In typical multimodal tasks, such as Visual Question Answering (VQA), adversarial attacks targeting a specific image and question can lead large vision-language models (LVLMs) to provide incorrect answers. However, it is common for a single image to be associated with multiple questions, and LVLMs may still answer other questions correctly even for an adversarial image attacked by a specific question. To address this, we introduce the query-agnostic visual attack (QAVA), which aims to create robust adversarial examples that generate incorrect responses to unspecified and unknown questions. Compared to traditional adversarial attacks focused on specific images and questions, QAVA significantly enhances the effectiveness and efficiency of attacks on images when the question is unknown, achieving performance comparable to attacks on known target questions. Our research broadens the scope of visual adversarial attacks on LVLMs in practical settings, uncovering previously overlooked vulnerabilities, particularly in the context of visual adversarial threats.
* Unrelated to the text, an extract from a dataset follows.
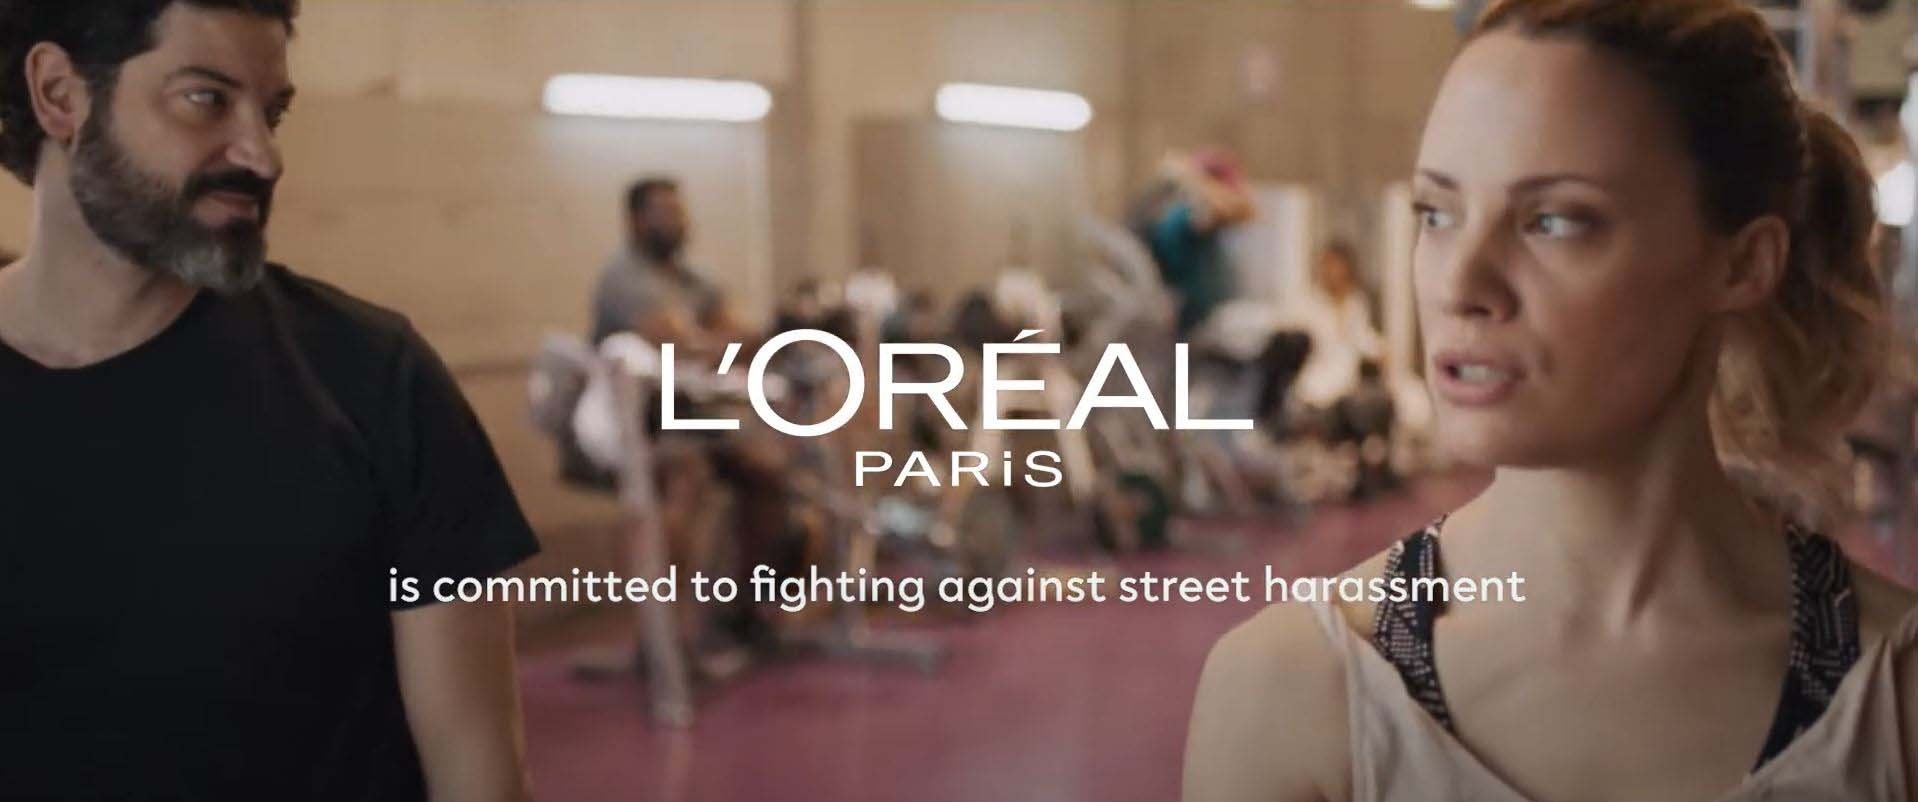 l'oréal paris is committed to stand up against street harassment

The code is available at https://github.com/btzyd/qava.

Paper Structure

This paper contains 24 sections, 2 equations, 4 figures, 18 tables, 1 algorithm.

Figures (4)

  • Figure 1: Traditional adversarial attacks involve inputting an image $x_i$ and a specified target question $x_{t,target}$ into LVLMs, with adversarial images generated through gradient-based methods. This approach typically results in incorrect answers for $x_i$ and $x_{t,target}$ (i.e., Q1). However, for other questions $x_{t,other}\in\{x_{t,other}\in\mathcal{T}|x_{t,other}\neq x_{t,target}\}$ within the question set $\mathcal{T}$ that are not the same as the $x_{t,other}$, it remains possible for LVLMs to provide correct answers (i.e., Q2-Q6). Our QAVA samples a set of questions $x_\text{t,QAVA}$ and performs attacks on these questions, even if they are unrelated to the original image $x_i$. QAVA generates adversarial images that are likely to produce incorrect responses when faced with unknown target questions.
  • Figure 2: The framework of QAVA is structured as follows: Initially, we generate $N$ randomly sampled questions, denoted as $x_\text{t,QAVA}$, which are not pertinent to the input image $x_i$. Subsequently, we introduce random perturbations to $x_i$ to create the initial variant, $x'_\text{i,QAVA}$. Both $x_i$ and $x_\text{t,QAVA}$ are then input into the LVLM, and the LVLM's response serves as a label. Despite the fact that the question $x_\text{t,QAVA}$ is unrelated to the image $x_i$, the LVLM still provides a response. Following this, we input $x'_\text{i,QAVA}$ and $x_\text{t,QAVA}$ into the LVLM to calculate the MSE loss based on the Q-former output features. Adversarial attacks are executed using techniques such as PGD or C&W by employing the loss functions, denoted as $\mathcal{L}_\text{QAVA}$. The traditional end-to-end attack loss function, $\mathcal{L}_\text{LLM}$, is also shown.
  • Figure 3: Visualization of image imperceptibility.
  • Figure 4: The clean images, the QAVA adversarial images, and the QAVA+SSAH adversarial images. All experiments are conducted using InstructBLIP Vicuna-7B with the attack $\mathcal{L}_\text{QAVA}$($\text{RSQ}_\text{10}$).